1. Ballet 101: A Complete Guide to Learning and Loving the Ballet by Robert Greskovic

This book is intended for adults new to ballet. It's huge -- over 600 pages -- with sections on history, and stories of the major personalities who shaped ballets. About half the book is a guide to watching ballet. Greskovic has selected videos of major ballets (all commercially available) and talks you through them. If you watch the ballets while reading the book, it's like having a private tutor sitting next to you and guiding your eye. Greskovic is dance critic for the Wall Street Journal and has been watching ballet for eons. His eye is very keen and he knows as much, or more, and sees as well, or better, than anyone writing today. (I've known him for years, but I'd say that even if I'd never met him :thumbsup: ) There's also a very complete videography and glossary. Paperback. The link in this post is to the first edition, still available through Amazon's network of used book stores. There's a new edition scheduled to be released October 15, 2005 by Limelight Books. Or buy this one now and hand it off to Cousin Sue or Uncle Fred when the new one is released!


2. 101 Stories of the Great Ballets : The scene-by-scene stories of the most popular ballets, old and new by George Balanchine and Francis Mason.

This is a bit dated now -- it hasn't been updated in 25 years! -- but it still is worth reading.
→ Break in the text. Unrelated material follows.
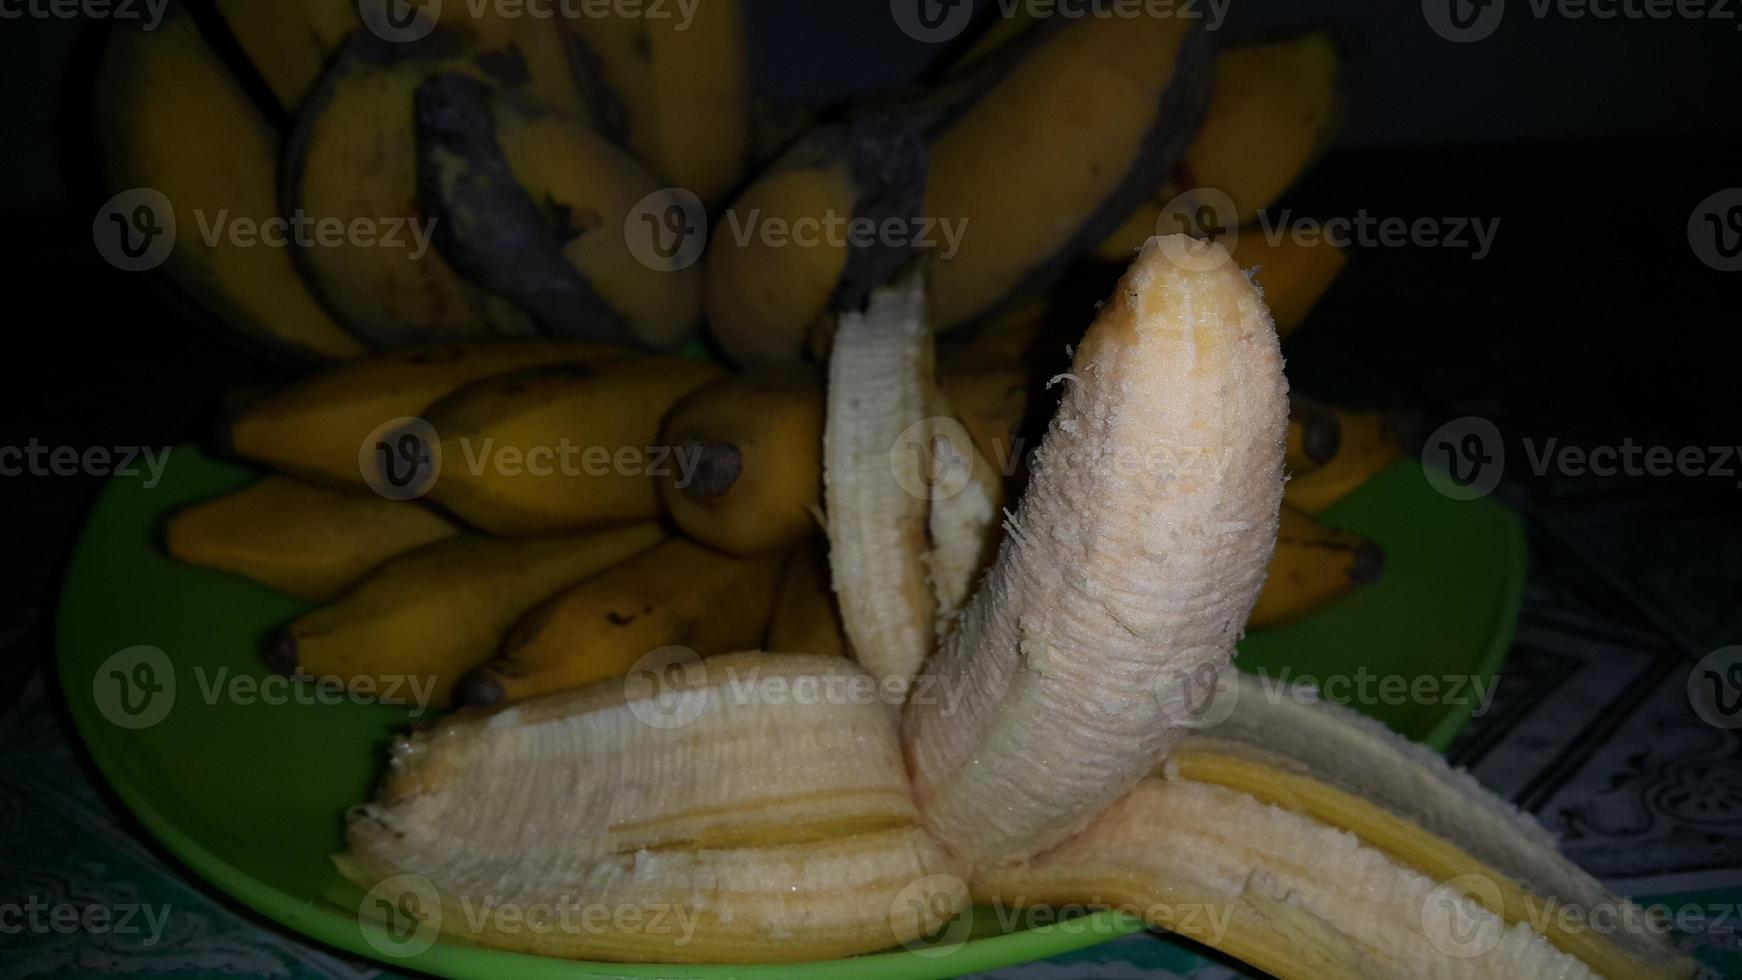 Simple photo of delicious bananas

The big story ballets are all here, as are the 20th century classics. And, unfortunately, there have been very few "great ballets" created in the last 25 years!! The ballets are presented in alphabetical order. Most of the text was written by Francis Mason, editor of Ballet Review, but whenever there's an "I first saw this ballet," the "I" is George Balanchine, mega-great 20th century choreographer, trained in the Imperial Russian school at the beginning of that century, and his recollections and opinions are always worth reading. There's an essay on "How to Look at Ballet" at the back of the book, too. Paperback. Amazon price: $11.53. Good for students and parents.


3. Ballet & Modern Dance: A Concise History by Jack Anderson.

A basic, clear, very readable history of ballet (mostly) and modern dance. You can read it in a weekend and score high on a jeopardy ballet category the next week. It's used as a college text, and includes excerpts from some very famous writings on ballet through the centuries, but if you don't TELL them it's a textbook they'll never know. For parents and any kid with a high school level vocabulary. Paperback. $13.57.


Parents: with these three books under your belt, you'll be able to hold your own in any theater lobby conversation :)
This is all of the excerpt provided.